Input data:
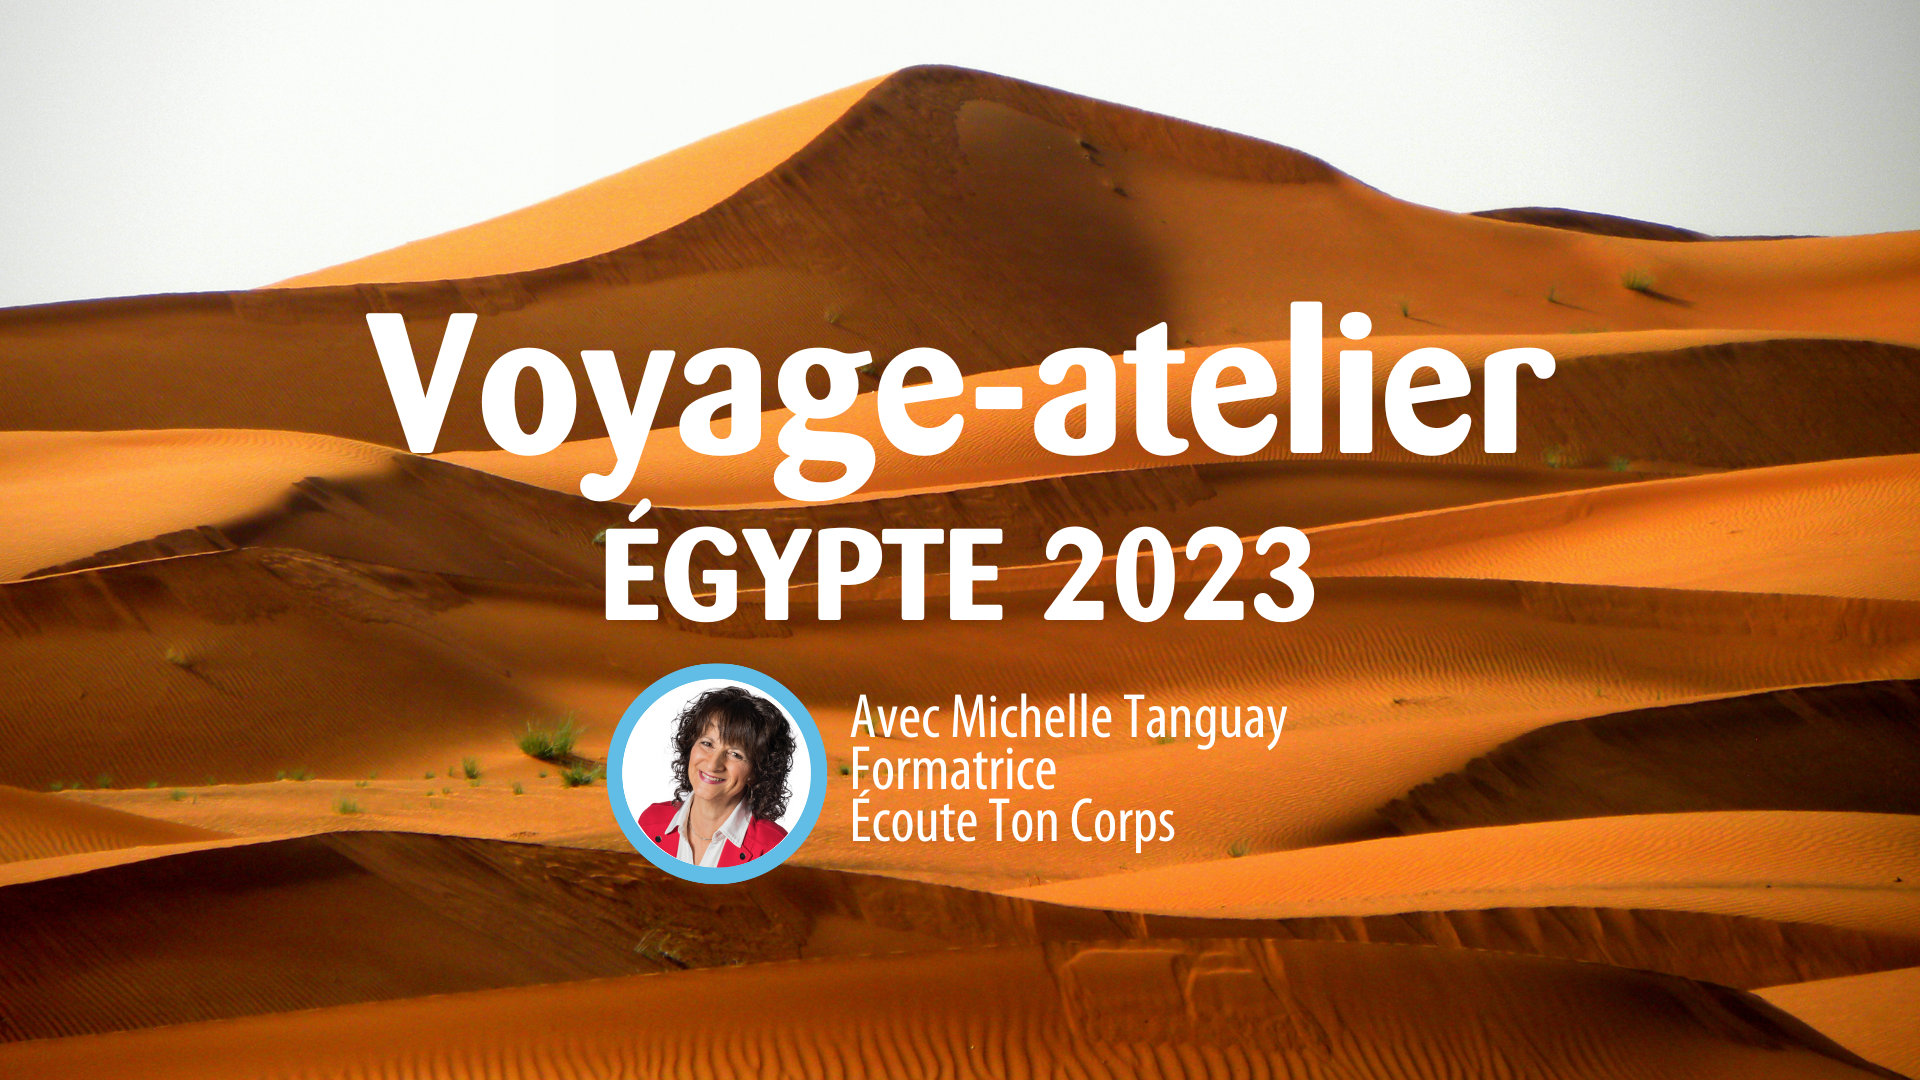 Voyage-atelier Égypte 2023.png
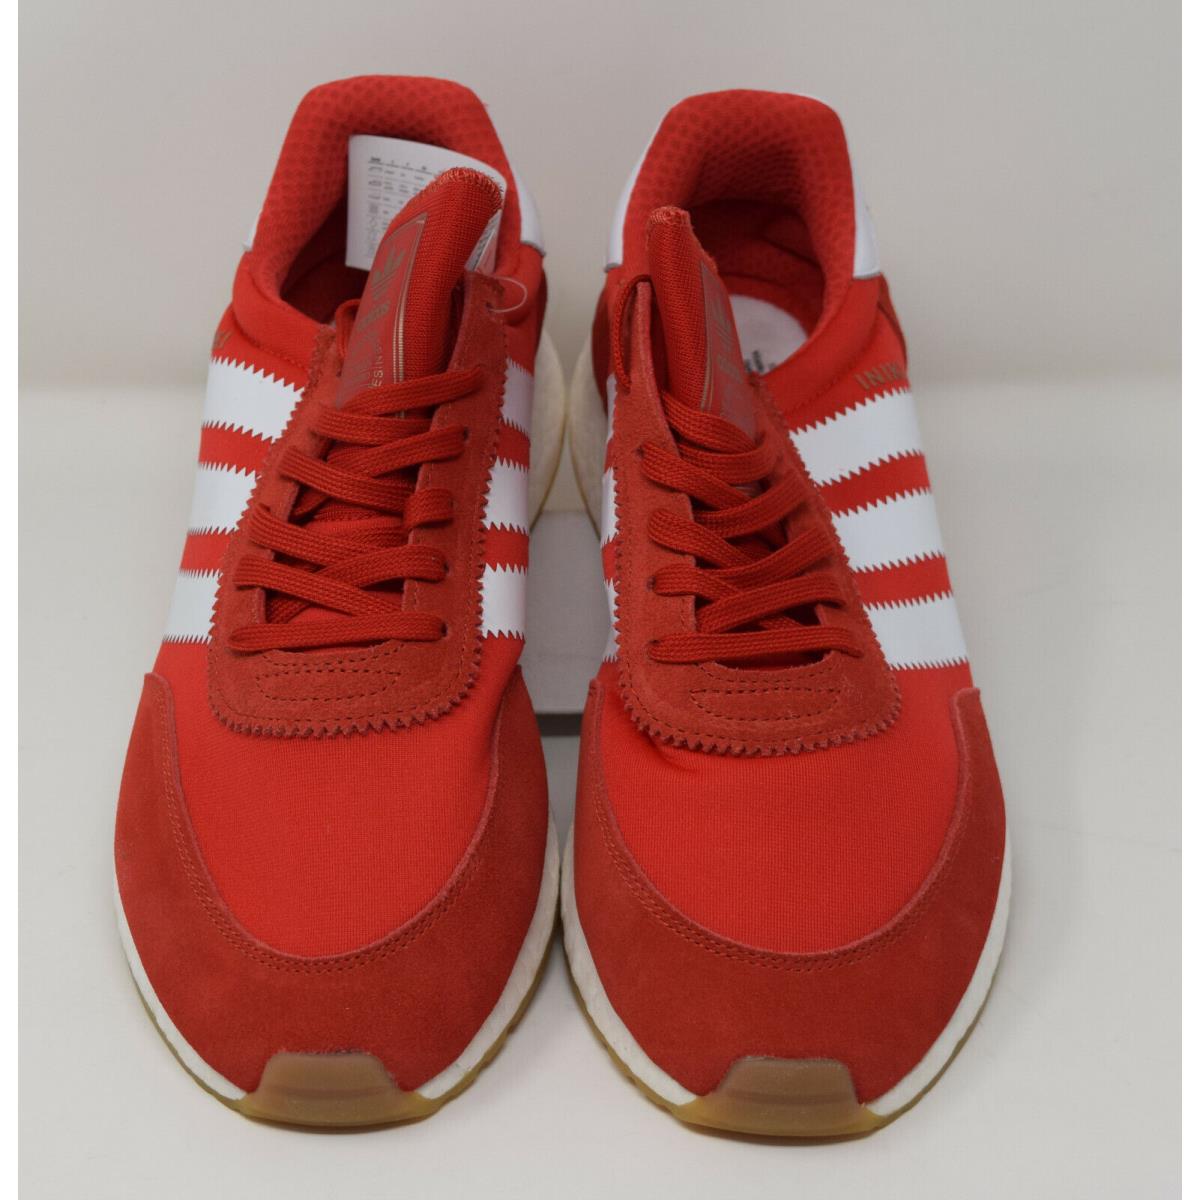 Es decir oscuro donante Adidas Iniki Runner Red White Gum Mens Shoes Sneaker 11.5 US | 692740882321  - Adidas shoes Iniki Runner - Red | SporTipTop
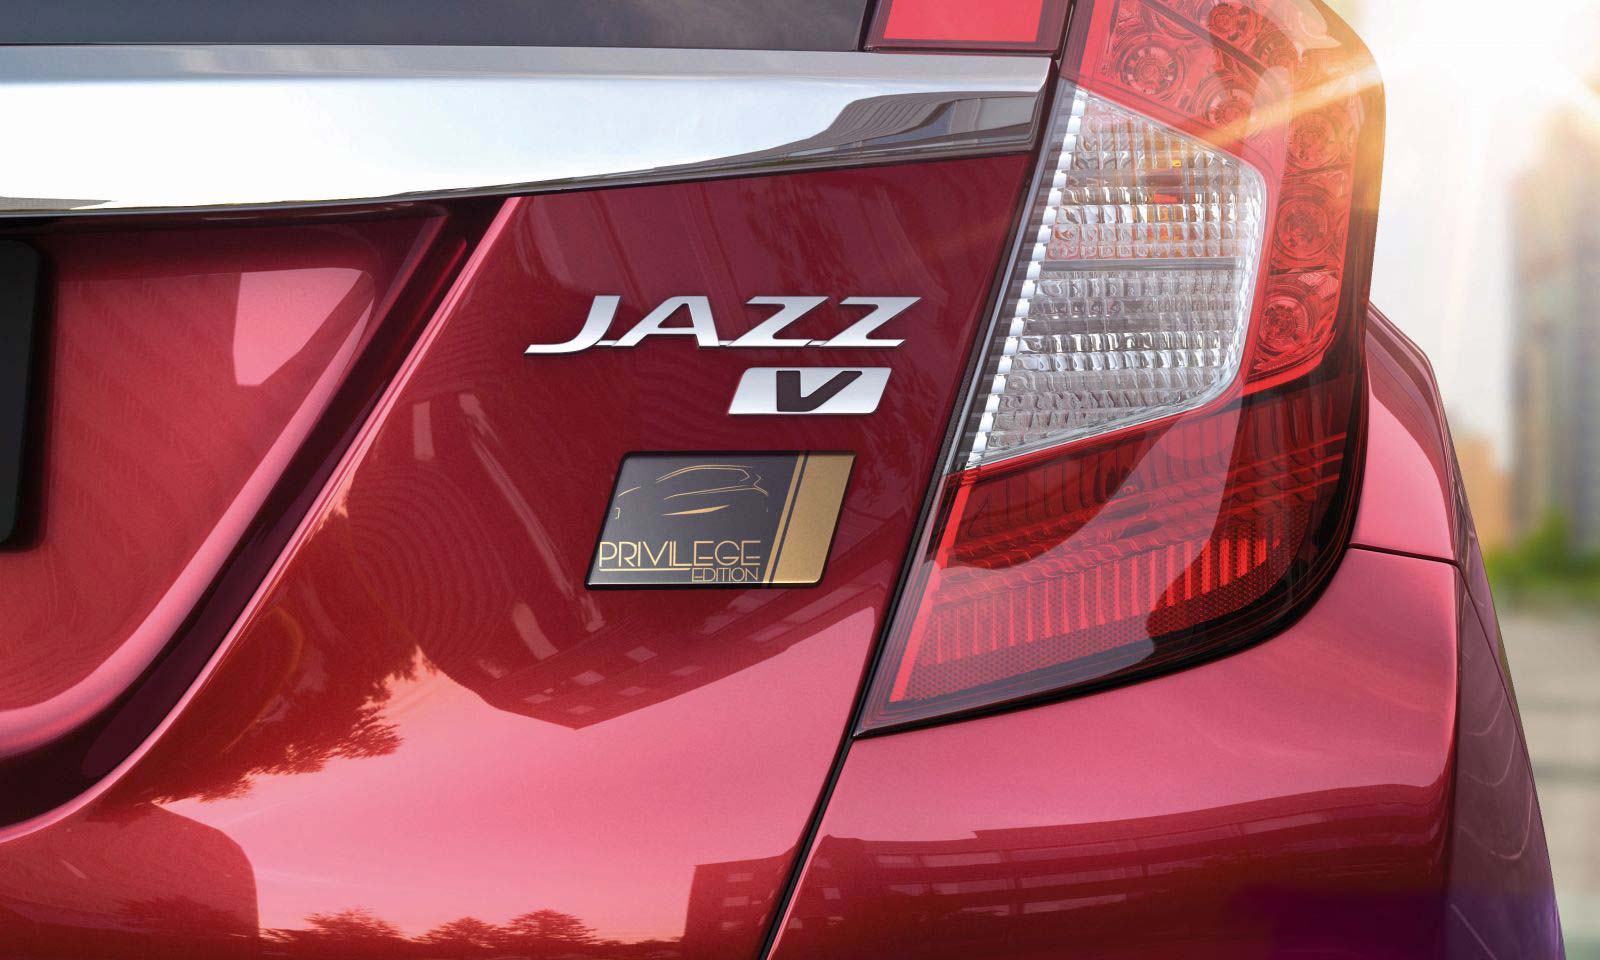 Honda-Jazz-Privilege-Edition

Exercise prompt: Reproduce exactly the lines above from the one with "Es decir oscuro" through the last line of the data, keeping both ends and dropping the pictures.

Reply:
 Es decir oscuro donante Adidas Iniki Runner Red White Gum Mens Shoes Sneaker 11.5 US | 692740882321  - Adidas shoes Iniki Runner - Red | SporTipTop
 Honda-Jazz-Privilege-Edition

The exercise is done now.